ARGleave t1_iuq67g8 wrote
Reply to comment by ThatSpysASpy in [N] Adversarial Policies Beat Professional-Level Go AIs by xutw21
I replied to this in https://www.reddit.com/r/MachineLearning/comments/yjryrd/comment/iuq5hq9/?utm_source=reddit&utm_medium=web2x&context=3 but since this is currently the top-voted comment, I wanted to be clear that the scoring used is Tromp-Taylor, which KataGo was primarily trained with and which is the standard for evaluation in Computer Go.
Good point about the regularizer! KataGo does indeed have some functionality to encourage what it calls "friendly" passing to make it nicer for humans to play against, as well as some bonuses in favour of passing when the score is close. We disabled this and other such features in our evaluation. This does make the victim harder to exploit, but it's still possible.
I think it's reasonable to view this attack as a little contrived, but from a research perspective the interesting question is why it exists in the first place -- why didn't self-play discover this vulnerability and fix it during training? If self-play cannot be trusted to find it, then could there be more subtle issues.
ARGleave t1_iuq5hq9 wrote
Reply to comment by ThatSpysASpy in [N] Adversarial Policies Beat Professional-Level Go AIs by xutw21
One of the authors here! Impressed people picked this paper up so quickly. To clarify, KataGo does indeed take the rules as an input. KataGo was trained with Tromp-Taylor like rules, with some randomization. From section 2 of the KataGo paper:
"Self-play games used Tromp-Taylor rules [21] modified to not require capturing stones within pass-aliveterritory. “Ko”, “suicide”, and “komi” rules also varied from Tromp-Taylor randomly, and some
proportion of games were randomly played on smaller boards."
KataGo actually supports an impressive variety of different rules. We always used Tromp-Taylor in evaluation, in keeping with KataGo's evaluation versus ELF and Leela Zero (section 5.1 of above paper) and work in Computer Go in general.

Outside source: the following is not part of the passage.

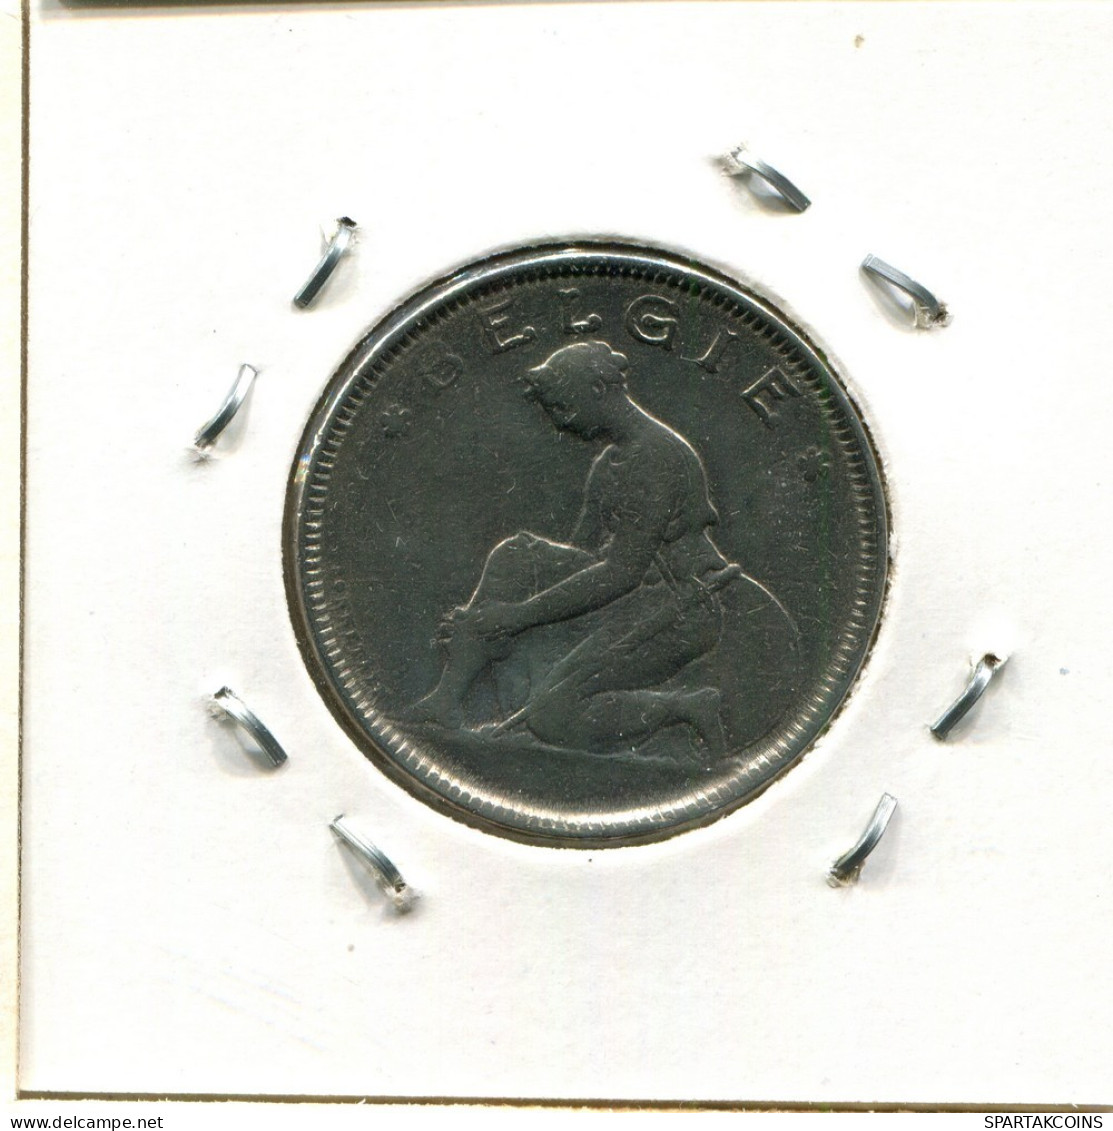 2 FRANCS 1923 DUTCH Text BÉLGICA BELGIUM Moneda #BA563.E.A - 2 Francos

I get these games might look a bit artificial to Go players, since humans don't usually play Tromp-Taylor. But we view our contribution not about some novel insight into Go (it's really not), but about the robustness of AI systems. KataGo was trained on Tromp-Taylor, so it shouldn't be exploitable under Tromp-Taylor: but it is.
ARGleave t1_iutmvdj wrote
Reply to comment by KellinPelrine in [N] Adversarial Policies Beat Professional-Level Go AIs by xutw21
>Or if its estimated value is off from what it should be. Perhaps for some reason it learns to play on the edge, so to speak, by throwing parts of its territory away when it doesn't need it to still win, and that leads to the lack of robustness here where it throws away territory it really does need.
That's quite possible -- although it learns to predict the score as an auxiliary head, the value function being optimized is the predicted win rate, so if it thinks it's very ahead on score it would be happy to sacrifice some points to get what it thinks is a surer win. Notably the victim's value function (predicted win rate) is usually >99.9% even on the penultimate move where it passes and has effectively thrown the game.